No wait.begin, no other import. 4596/4660 inter-call gaps == 16.667ms == steady 60Hz.
## producer mechanism
- Loop body (graphics_system.cc:177-230): every ~16.6ms -> MarkVblank() -> NanoSleep.
- MarkVblank() (line 364) -> DispatchInterruptCallback(source=0, cpu=2) (line 373)
-> KernelState::EmulateCPInterruptDPC (kernel_state.cc:1365).
- EmulateCPInterruptDPC line 1400: processor_->Execute(thread_state, interrupt_callback, {source,user_data})
runs the GUEST VSync ISR (sub_824BE9A0, registered via VdSetGraphicsInterruptCallback
by guest tid=6 @1.577s) SYNCHRONOUSLY ON tid=2.
- The ISR's downstream issues NtSetEvent on the frame-sync event => the 4660x 60Hz signal.
- The wait BETWEEN signals is a host NanoSleep inside the frame-limiter loop, NOT a guest
wait — that is why tid=2 shows ZERO wait.begin / zero other imports in the trace.
- args_resolved is EMPTY for NtSetEvent in every canary trace, so the exact target handle/SID
cannot be read from the trace; by 2.AR it is canary's frame-sync Event a45a5f48bc88eccc
(raw 0xf8000114), the analog of ours Event 0x10e8 (SID 9ad1bebb6cae28c4).
## +44 contradiction — VERDICT
- The 60Hz signal is driven by EmulateCPInterruptDPC running the guest VSync ISR on the
host frame-limiter thread.
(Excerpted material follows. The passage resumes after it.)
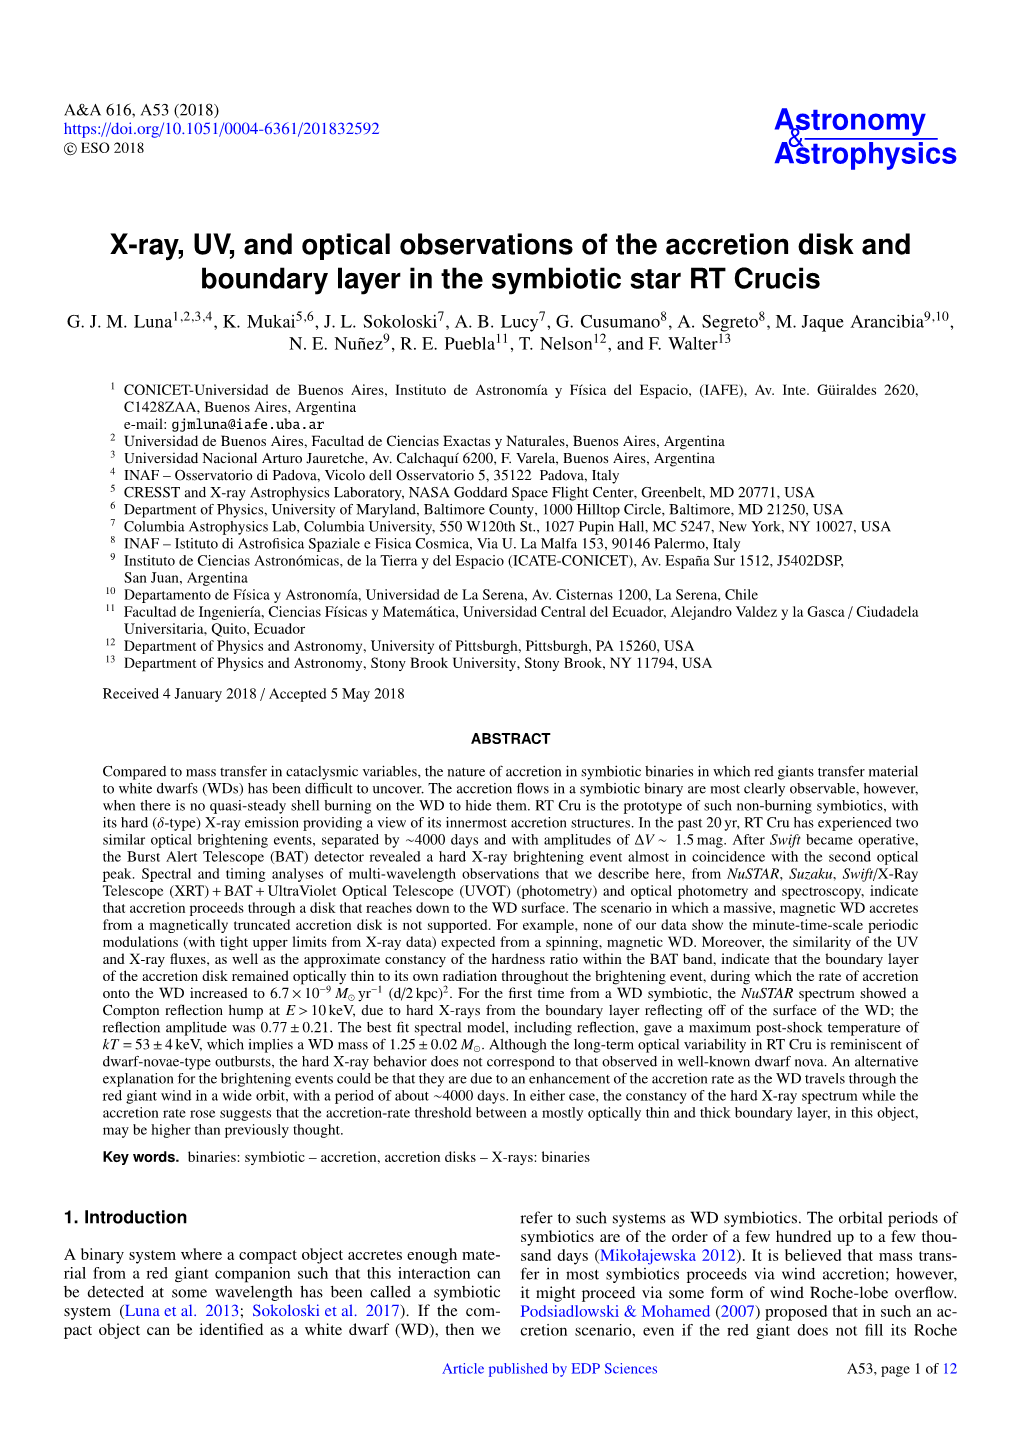 X-Ray, UV, and Optical Observations of the Accretion Disk and Boundary Layer in the Symbiotic Star RT Crucis G

It IS the VSync-ISR / opt_callback path, executed at 60Hz —
NOT a separate guest "signaller thread", and NOT a path that bypasses opt_callback.
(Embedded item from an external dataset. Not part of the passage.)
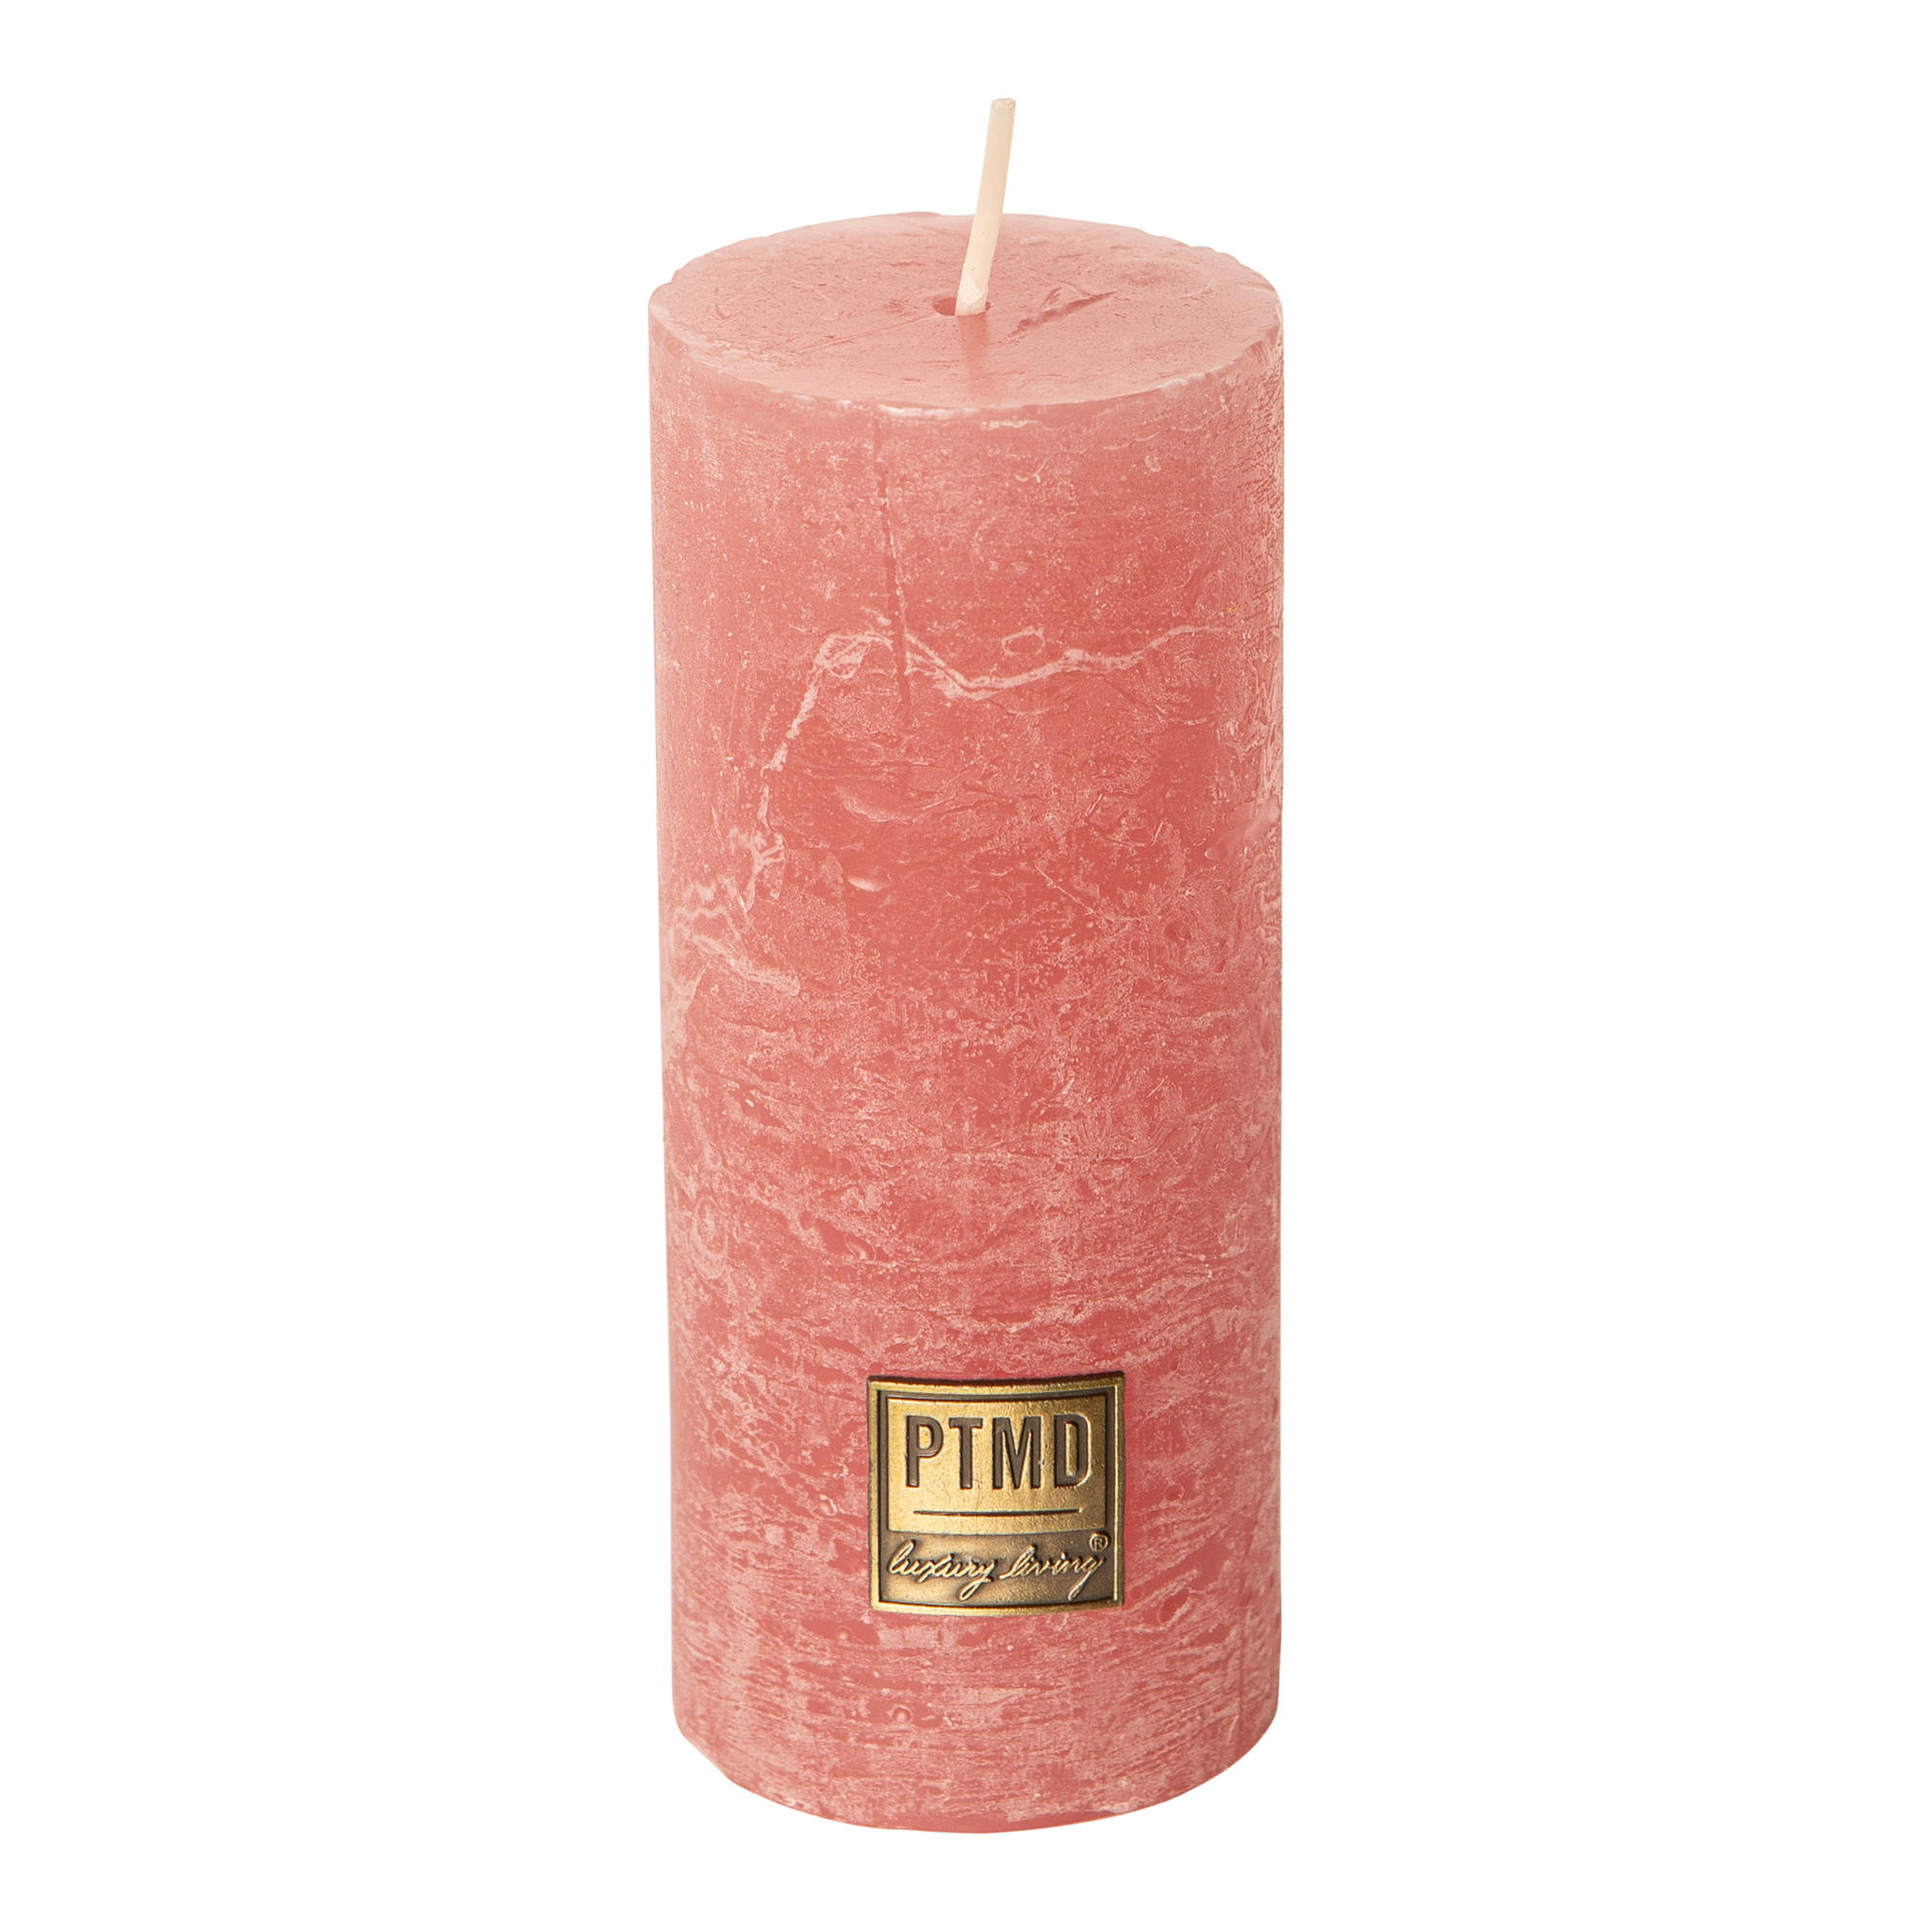 PTMD 10 x 7cm Blush Pink Rustic Pillar Candle

- ISR (sub_824BE9A0) branches on source: source==0 (vsync, both engines) takes the
0x824BEA30 block: MMIO gate [reg 0x1951 bit0] @0x824BEA38-44 (canary hardcodes return 1),
then opt_callback at [user_data+15144]==0x822F2248 @0x824BEA80-AA8.
- opt_callback 0x822F2248 dispatches vtable[+28] then atomic-enqueues into +84/+88 and
branches on a state field — it is a work-enqueue/dispatch, it does NOT dead-end on +44.
- The +44 NULL (2.AT/2.AV) is on 0x821753C8, a DIFFERENT method reached via a different
vtable[+0x1C]; 2.AT conflated it with the real opt_callback 0x822F2248. The +44 chase is
DEAD: canary signals 0x10e8-analog 4660x THROUGH 0x822F2248, never through the +44 slot.
## ours-side analog status
- Ours has NO dedicated host frame-limiter thread (no XHostThread analog of tid=2).
- Ours fires vsync from coord_pre_round (main.rs:2455) via tick_vsync_instr
(interrupts.rs:237, 150k-instr-gated in lockstep) and injects the ISR onto a victim
GUEST thread via try_inject_graphics_interrupt (main.rs:3729).
- The signal PATH in ours is present and wired: reg 0x1951 already hardcoded to 1 (2.AO),
opt_callback +15144 IS installed once at boot (2.AP: setter 0x824C1920 fires 1x on tid=8,
installs r4=0x822F2248, r3=0xBE8C8F00).
- GAP: ISR DELIVERY CADENCE, not the signal path. Ours fires the ISR ~67-77x in early boot
then STOPS (2.AV/2.AQ), because (a) instruction-count accumulator stops crossing 150k once
guest threads block/exit and the stream slows, and (b) try_inject_graphics_interrupt needs
a Ready/Blocked victim; once threads Idle/Exit it drops the vsync. Canary's host thread
fires unconditionally at wall-clock 60Hz regardless of guest scheduler state.
## R1 fix surface (named)
Make ours deliver the VSync ISR at a steady ~60Hz INDEPENDENT of guest-thread scheduler
state — mirror canary's dedicated frame-limiter cadence — so the ISR -> opt_callback ->
NtSetEvent(0x10e8) chain keeps firing after boot. Surface:
- crates/xenia-kernel/src/interrupts.rs (tick_vsync_instr / tick_vsync_wallclock) +
crates/xenia-app/src/main.rs coord_pre_round + try_inject_graphics_interrupt:
guarantee a vsync is queued AND delivered every ~16.6ms-equivalent even when the guest
is wedged/idle (e.g. a guaranteed cadence tied to the coordinator loop, plus a victim
fallback that can run the ISR even with no Ready/Blocked guest thread, or a Halted-main
re-entry). ~20-60 LOC MEDIUM. NOT a +44 crowbar, NOT a force-install.